Here's an arrow mass mystery: my Vectrix XL shoots an otherwise identical Axis ST and an Axis FMJ withing 2 fps of each other. Checked it on another chronograph. The FMJ weights about 30 grains more than the regular Axis ST. Should be about 10 fps slower. Other arrows are about where they should be - a 350 grain arrow is going a little more than 20 fps faster, and a 500 grain arrow is going almost 20 fps slower.Not sure why, but I'll take it
I really think we would find that each cam design, bow weight, draw length combo has a particular weight arrow at which effeciency peaks or is at it's best, and could give us some skewed numbers we are not used to.
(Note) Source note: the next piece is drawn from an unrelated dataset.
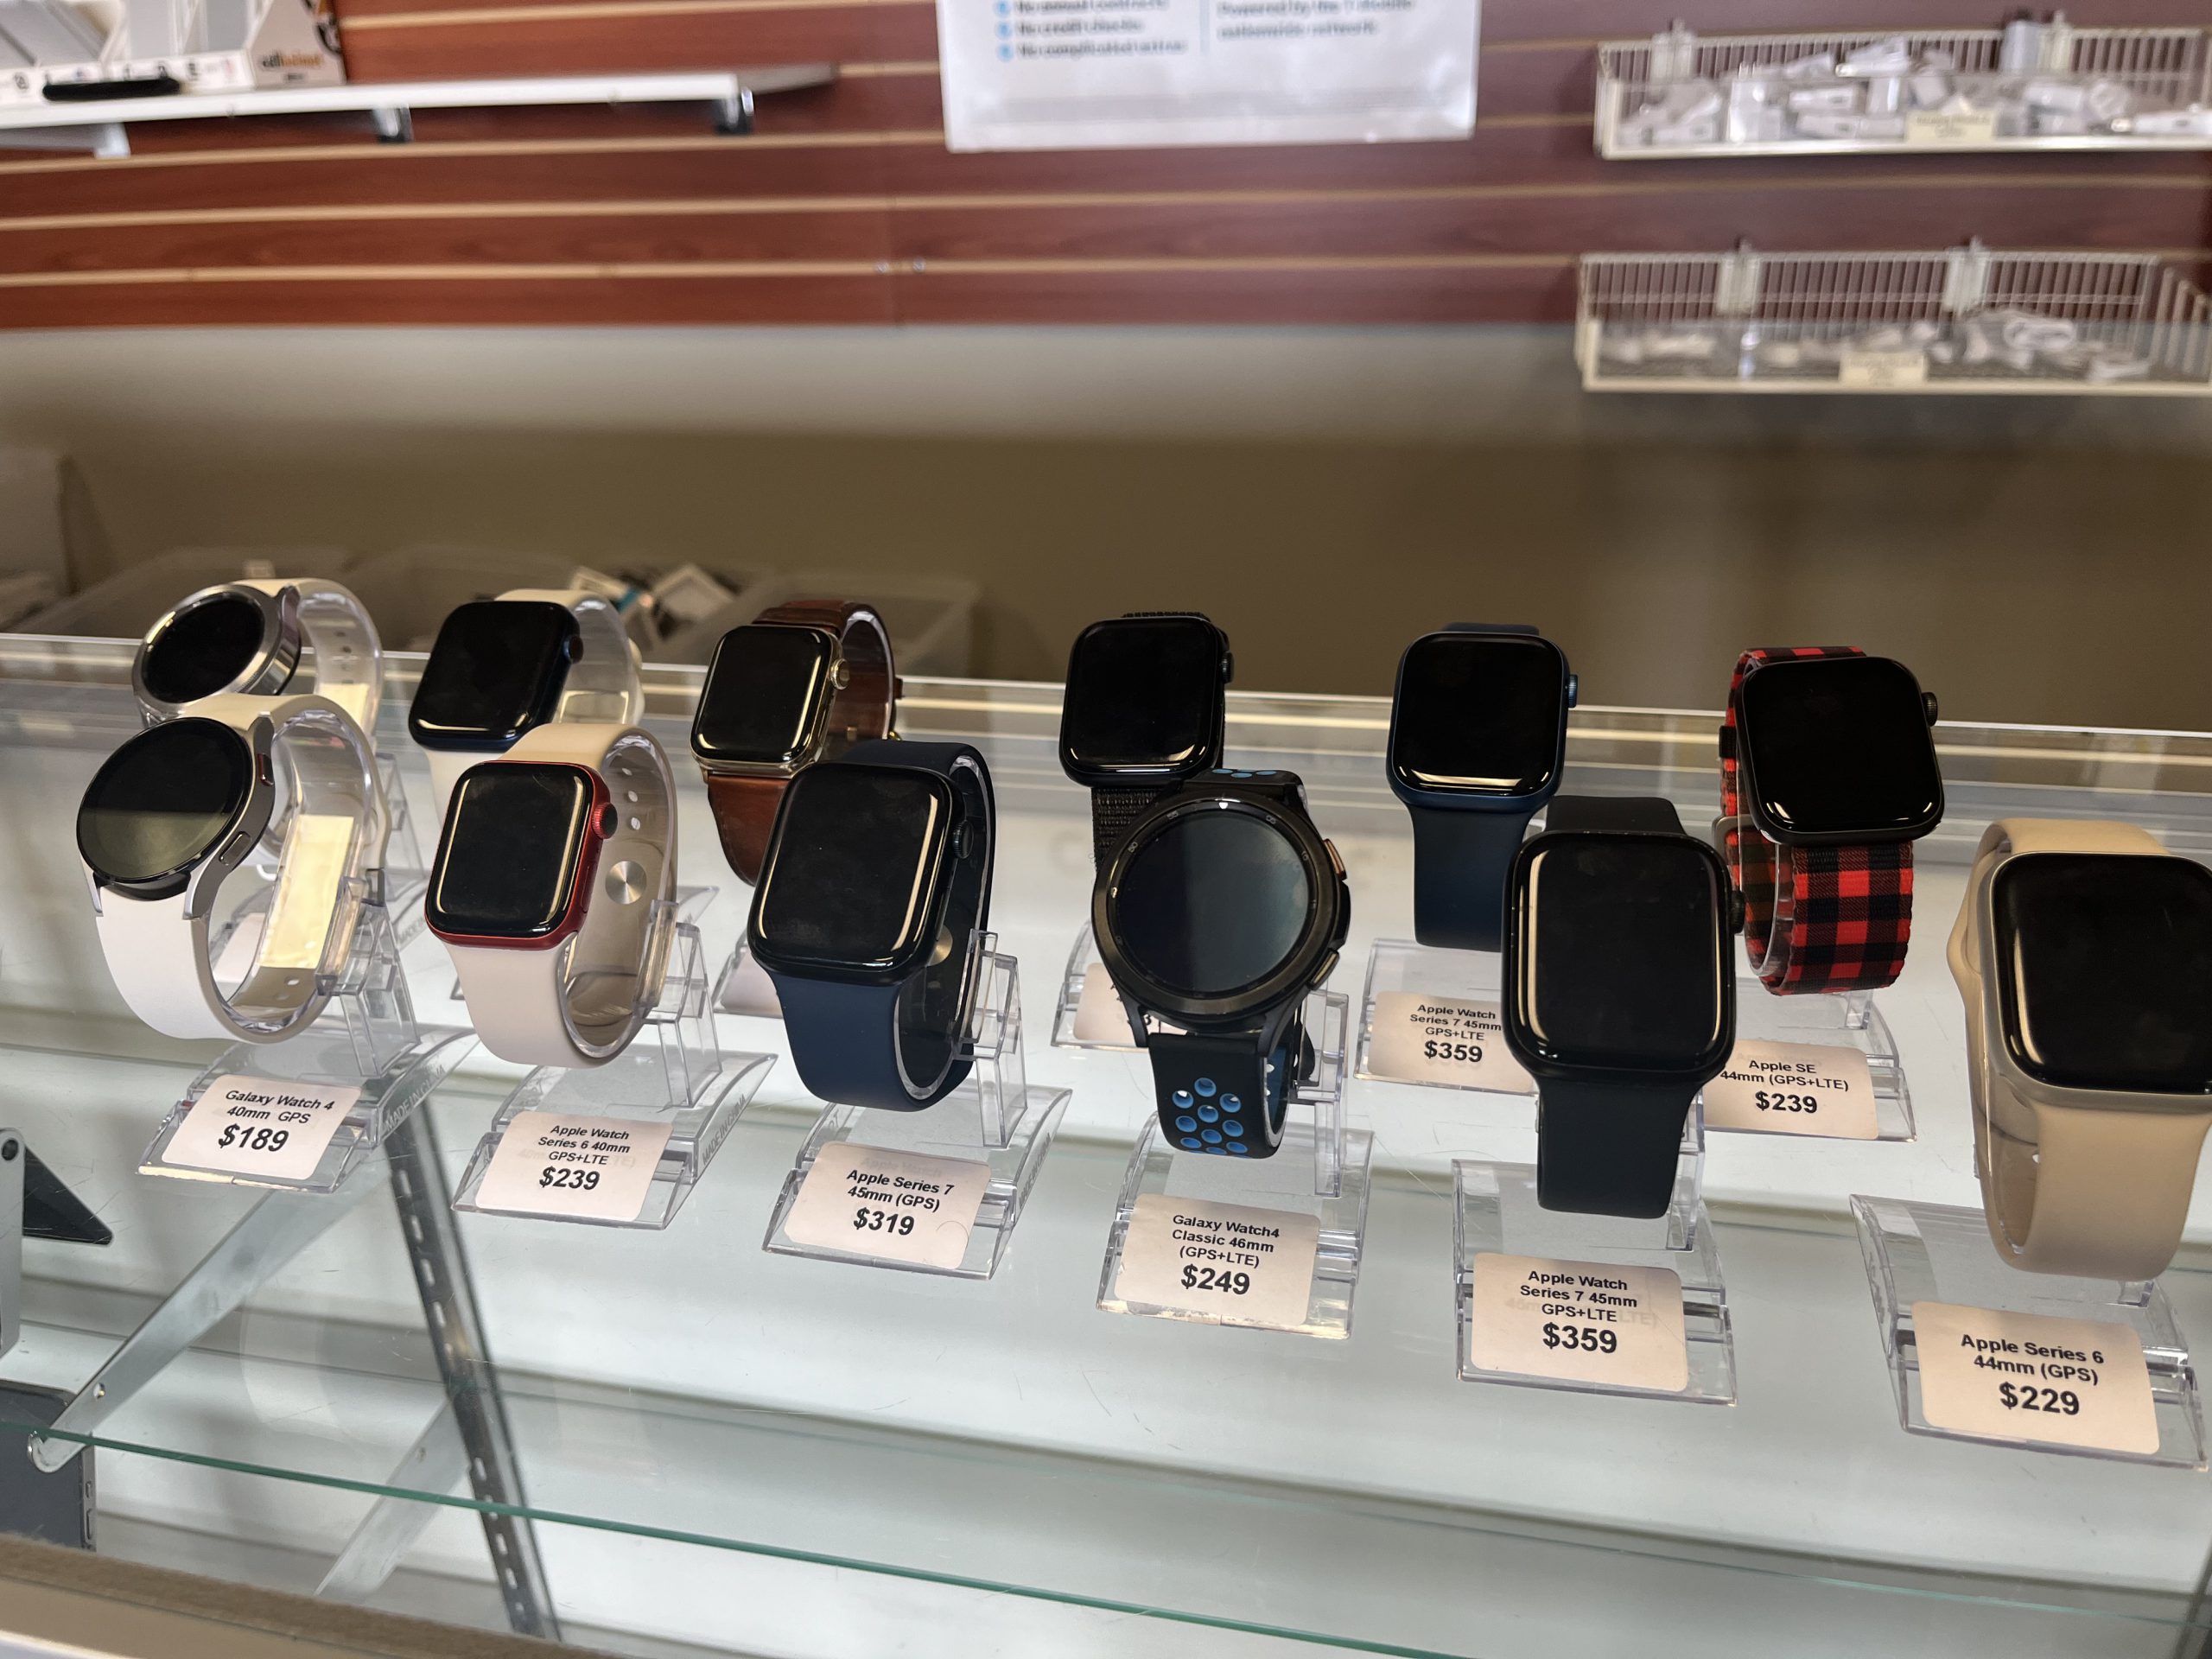 used smart watches near me

Usually more weight equals more KE, but those numbers with modern Bow design are slight. A sweet spot in arrow weight and Voila numbers we are not used to.

My thoughts are that even arrow material could play a part in energy absorbed from the Bow?? My 400 grain arrows are the new Aramid Kevlar shafts.

I doubt any contact is the issue on my setup with feathers and a Limb Driver.

340 grain arrow less KE

400 grain best KE

500 grain arrow slightly less KE

I sure would not give up the speed differencethere is between a 400 and a 500 grain arrow for even a slight gain in KE and I actually lost a tad

Numbers from My Guardian 60# 28" draw

326 grain arrow 280 fps 56.77# KE

500 grain arrow 232 fps 59.77# KE

Difference of 3# KE

Numbers from my General 60# 28" draw

326 grain arrow 278 fps 55.96# KE

500 grain arrow 228 fps 57.73# KE

Difference of only 1.77# KE

On the Guardian and General I never shot the 400 grain arrow. Maybe I should!!